Step Function Off: \(URI\hbox {-}R@t_{0}\) is off-topic, but then at some t goes on-topic and continues \(\forall t\) (Fig. 5c):
\(\forall t \ge i\), where \(i \ge 1\), and i is an integer, \( aboutness(URI\hbox {-}R@t)\not \approx aboutness(URI\hbox {-}R@t_0)\), where \(URI\hbox {-}R@t_0\) is not relevant to C.
The case where the TimeMap starts with an off-topic memento and then goes on-topic is very rare. We found that only 0–1 % TimeMaps are Step Function Off. This case violates our assumption that the \(URI\hbox {-}R@t_0\) is relevant to C. In our gold standard data set, we manually shifted the first memento to be the first memento relevant to the collection.
Oscillating: The aboutness of pages changes between on-topic and off-topic more than once (Fig. 5d):
\(\exists t \text { where} (URI\hbox {-}R@t)\not \approx aboutness(URI\hbox {-}R@{t+i})\) \( \text { and } aboutness(URI\hbox {-}R@t)\approx aboutness(URI\hbox {-}R@t-j) \) \(\text { where } i, j \ge 0 \text { and } i,j\) are integers.
We found that 9–13 % of the TimeMaps were Oscillating between on-topic and off-topic.
Always Off: This is the most challenging case, where all the mementos are off-topic (Fig. 5e):
\(\forall \) t, \(URI\hbox {-}R@t\) is not relevant to C.

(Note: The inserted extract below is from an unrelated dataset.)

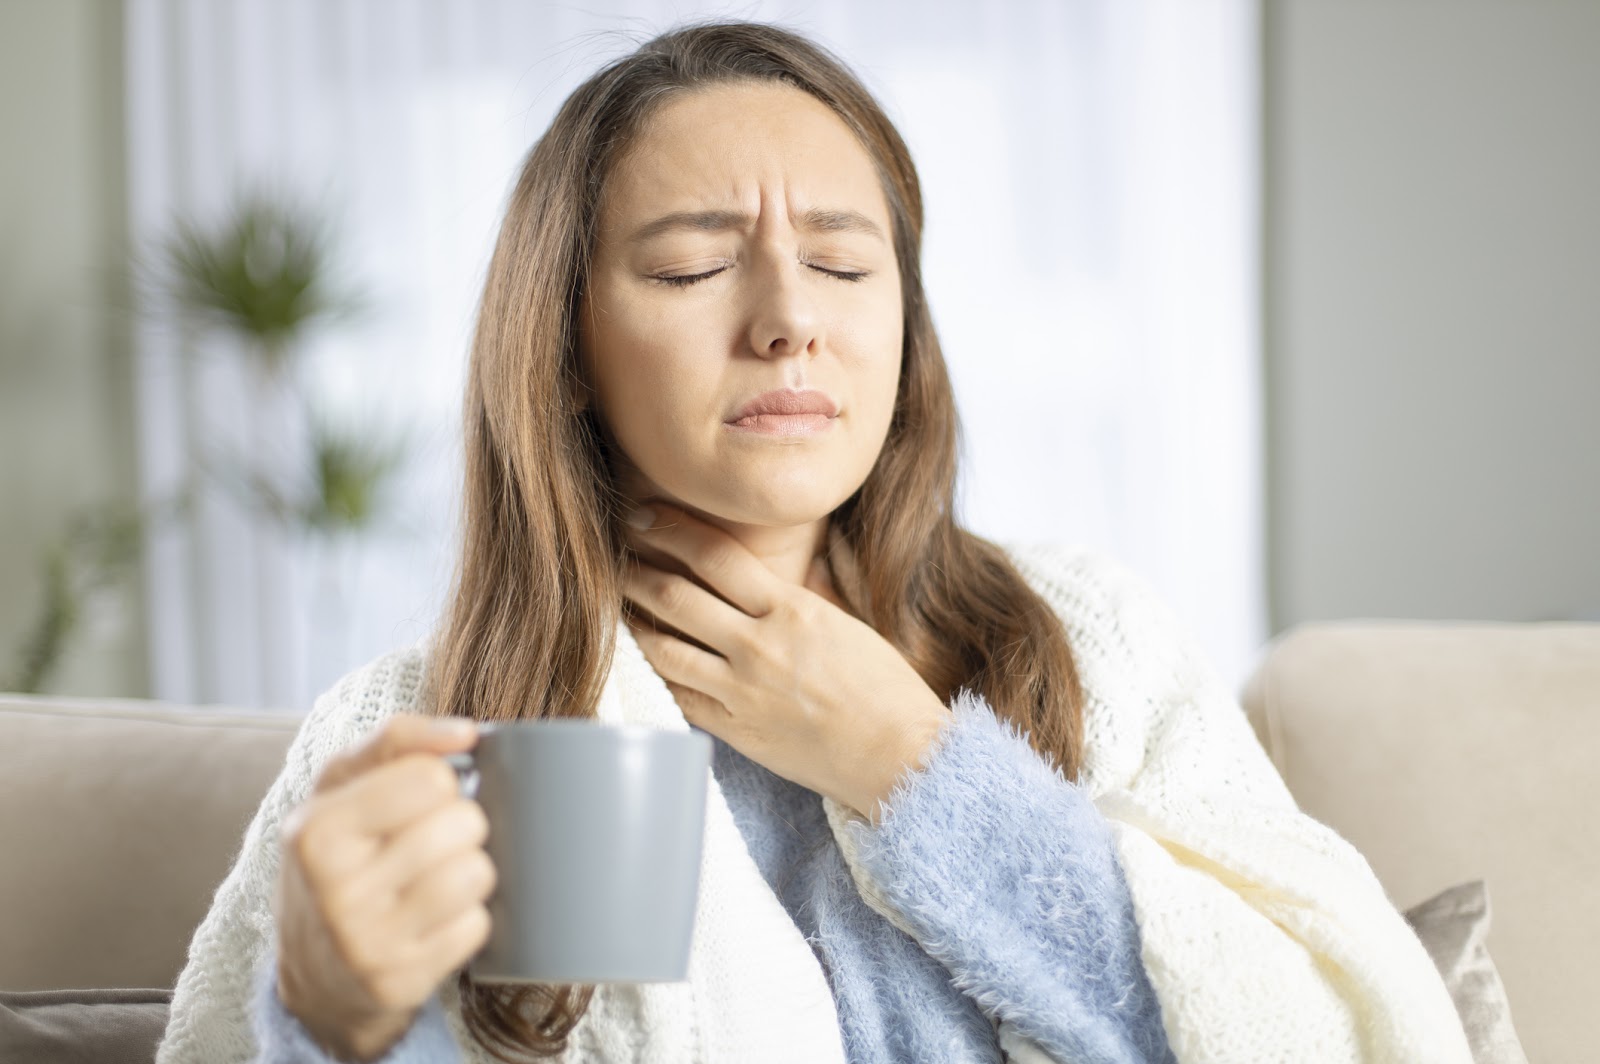 What are the Symptoms of Throat Infection and the Treatment for Throat Infection?

We manually identified these cases (totaling 3 seed URIs) and excluded these from the gold standard data set. This situation can arise if seed URIs were included by accident, or if their content changed (e.g., site shutdown) in the interval between when the seed URI was identified and when the crawling began.
6 Research approach
In this section, we explain the methodology for preparing the data set and then the methodology for applying different measures to detect the off-topic pages.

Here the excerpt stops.